The Illinois Soybean Association Yield Challenge was launched in 2010, sparking growers to explore using new practices and technologies to raise the yield level for this important crop.  The Yield Challenge began as a side-by-side to encourage growers to compare new technologies with their standard practices.  As the Challenge enters its sixth season, available technologies continue to advance, unlocking new opportunities for yield and profits.  As a verifier in 2014, I witnessed a growing commitment to pushing the yields higher.  But this year, I also hear more comments on profitability: “Will we make smart yield and economic decisions?” 

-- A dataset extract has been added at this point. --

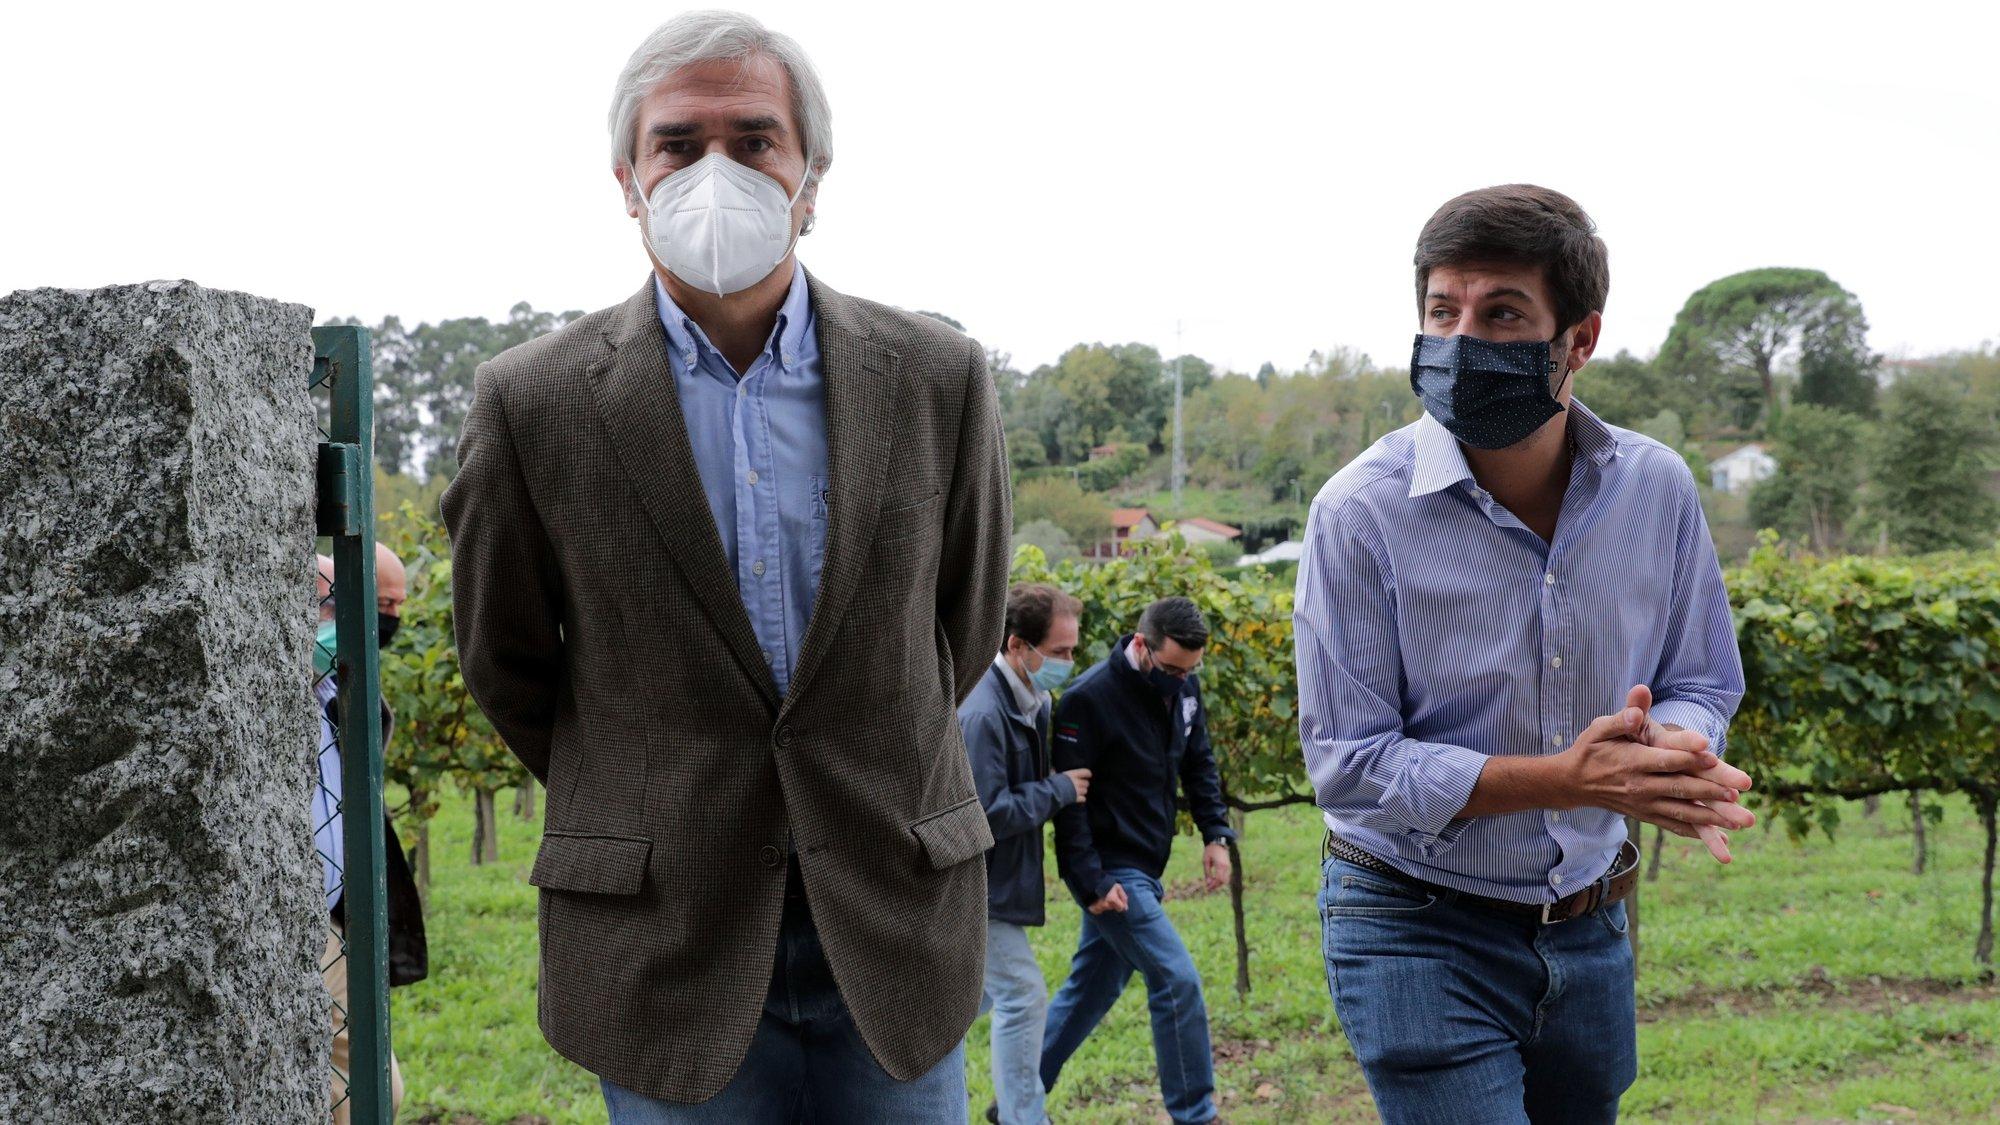 O presidente do CDS-PP, Francisco Rodrigues dos Santos (D), com o eurodeputado Nuno Melo durante a visita à Quinta da Aveleira em Guimarães, 26 setembro 2020. ESTELA SILVA/LUSA
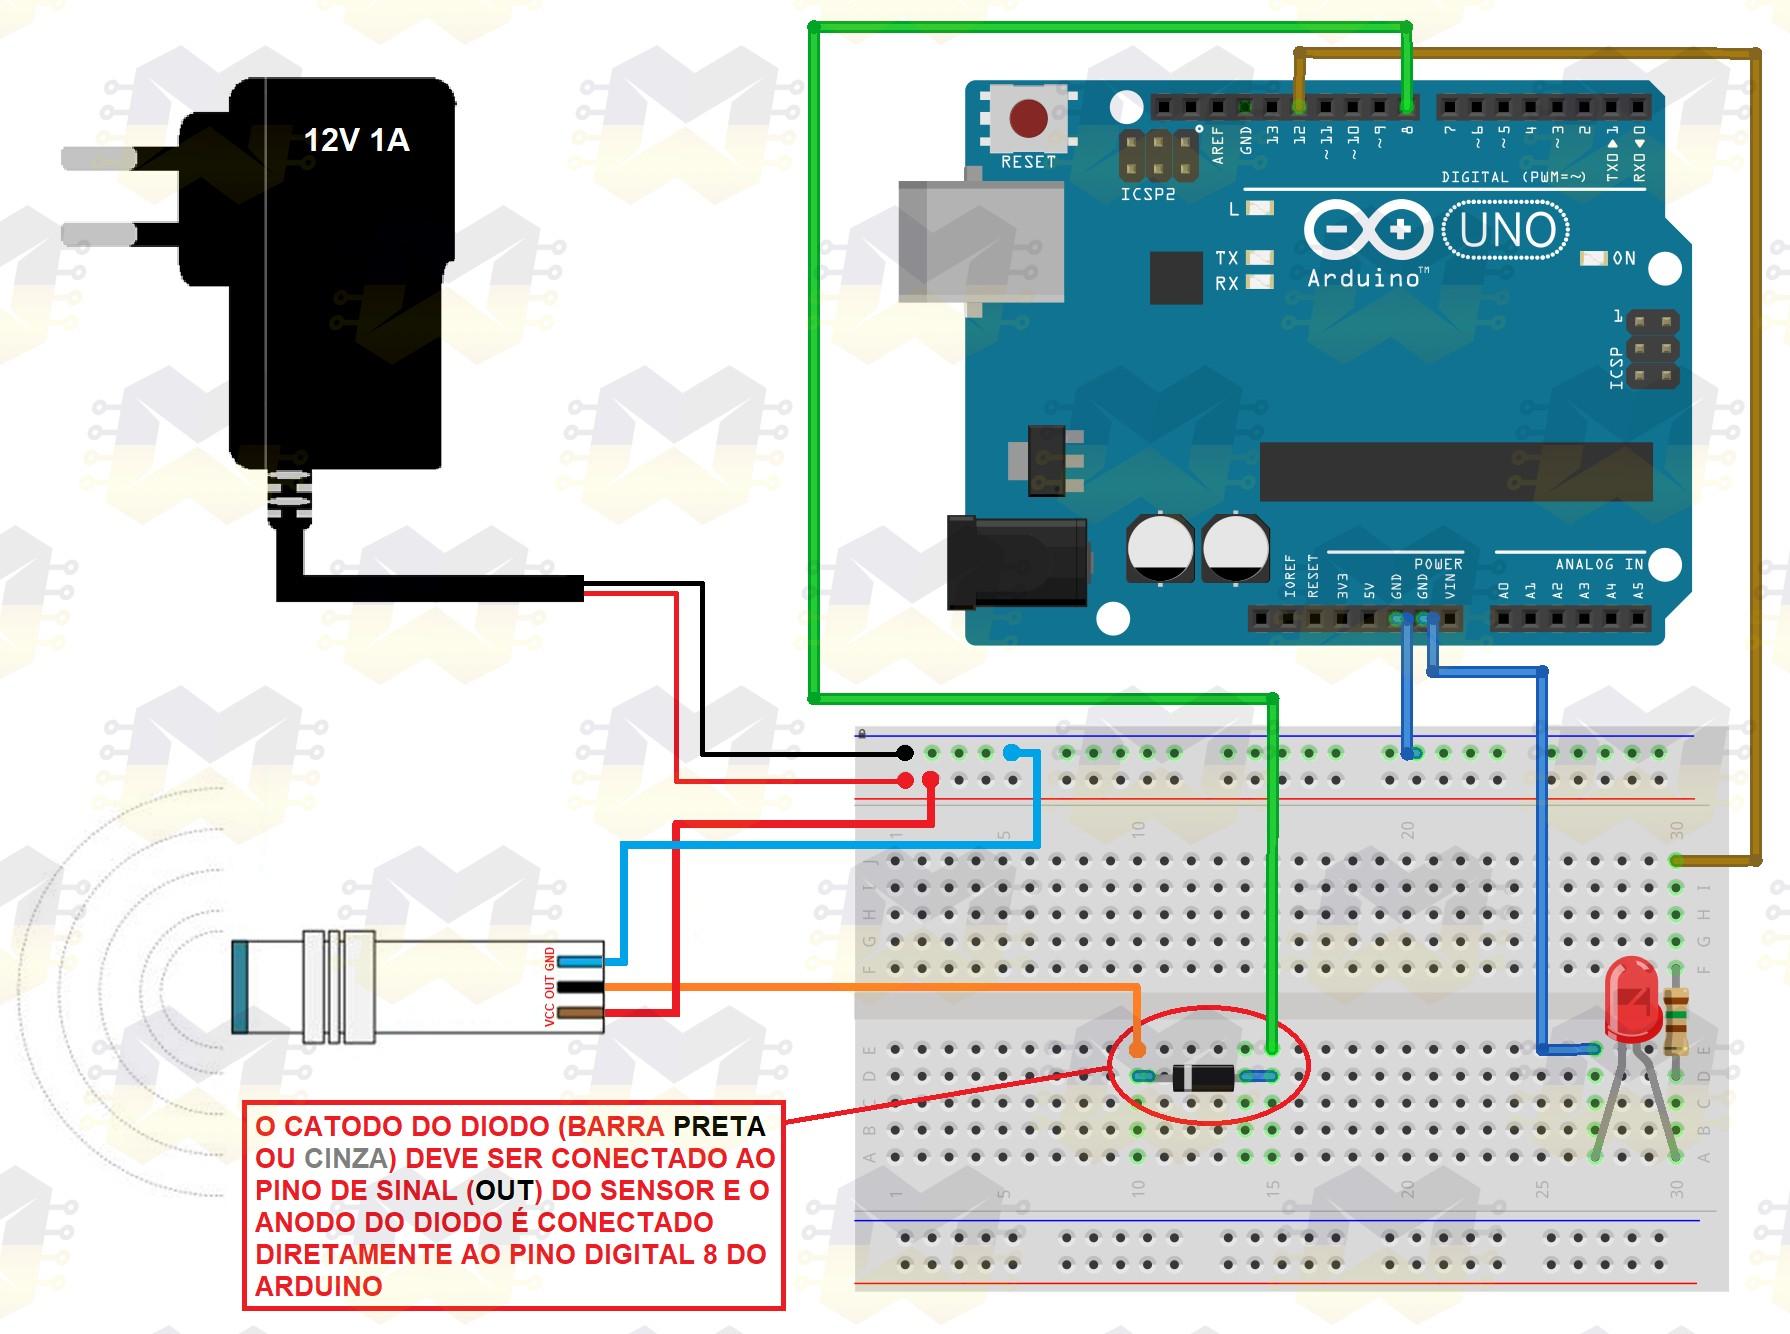 img02_como_usar_com_arduino_sensor_indutivo_npn_de_proximidade_lj12a3-4-z-bx_uno_diodo

Input decisions rewarding good pay-back go hand-in-hand with pushing yields, and entering yield contests is one way to discover new roads to higher yields.  The addition of the 100 Bushel Contest in 2014 and the Crop District Shootout high-yield awards added for 2015 complement the original Side-by-Side Sponsor Plots introduced in 2010.  If you are not a seasoned yield contestant and don’t have a trusted crop advisor, I suggest entrants start with the traditional Side-by-Side, where the farmer tests practices and technologies against standard practices—Challenge versus Check Plot.  Participants from earlier Challenges are now implementing some tested treatments on increased acreages.  Crop protection products were most popular in the first three years of testing.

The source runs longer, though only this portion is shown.